Japan has produced some of the highest quality, some of the most popular MMOs on the market. Long lasting games that don’t die off a year or two after releasing, which is something you can’t say about South Korea or China and their churn ‘n burn titles released every other year.
Blue Protocol is an absolutely beautiful looking game. It’s being built for both current types of gamers in mind: You can tackle dungeons and proceed exclusively with the story on a single character, completely solo if you want to.
Or you can tackle it with friends, in a group, and have difficulty scaled for every additional player within your group. Monster AI is intelligent, with enemies actively working together to defend one another. Something I wish players in PUGs could figure out, honestly.
The world seems large with lots of personality – small little villages spread out over the zones with NPCs, quests, hidden rewards just waiting to be discovered.

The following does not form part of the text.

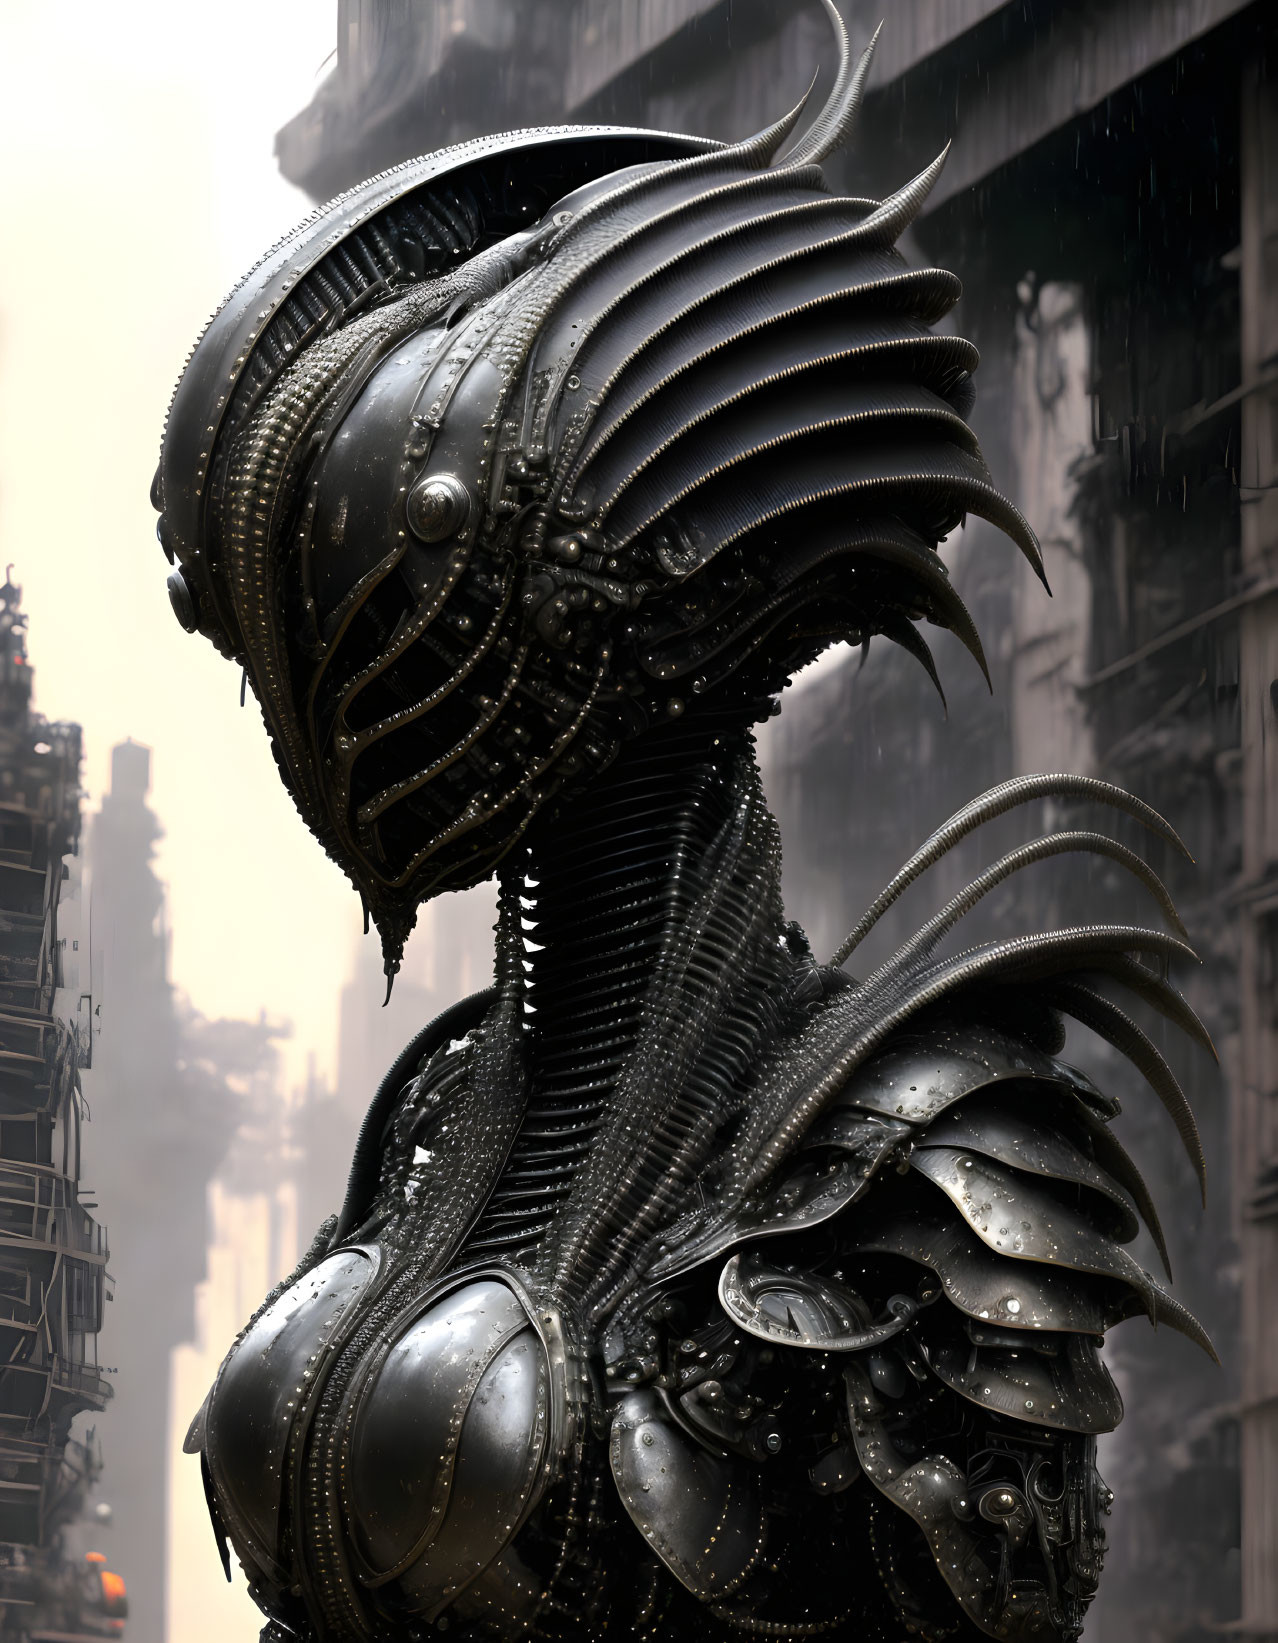 Detailed mechanical alien bust with layered armored plates and hoses on dark industrial background.

Rarely do developers show the amount of care and polish that is shown in this game. But then this is being done by a AAA developer – something we haven’t seen in a long time.
I know some of you are excited for New World, but I guarantee you, Amazon have not shown remotely as much professionalism or faith in their game as Bandai Namco have with Blue Protocol.
And while New World will probably be a solid game for players interested in survival games, Blue Protocol will satiate the need for not only MMO players, but also Anime fans.

This is an MMO that I think I’ll honestly be able to lose myself in. I haven’t done this since I first played Final Fantasy XIV years ago, and WoW years before that. It’s rare to have a game like this come along, and I plan on taking my time with it.
Granted, the game doesn’t have an ETA on when it’ll release – even within Japan, so expecting a global release this year is highly unlikely.
Nevertheless, I plan on continuing to cover this whenever and wherever I possibly can.
But, those are my impressions of the game after having completed the first Closed Beta test. I’ll be around for all of the follow-up tests as well and hopefully will have even more to show all of you in the coming months!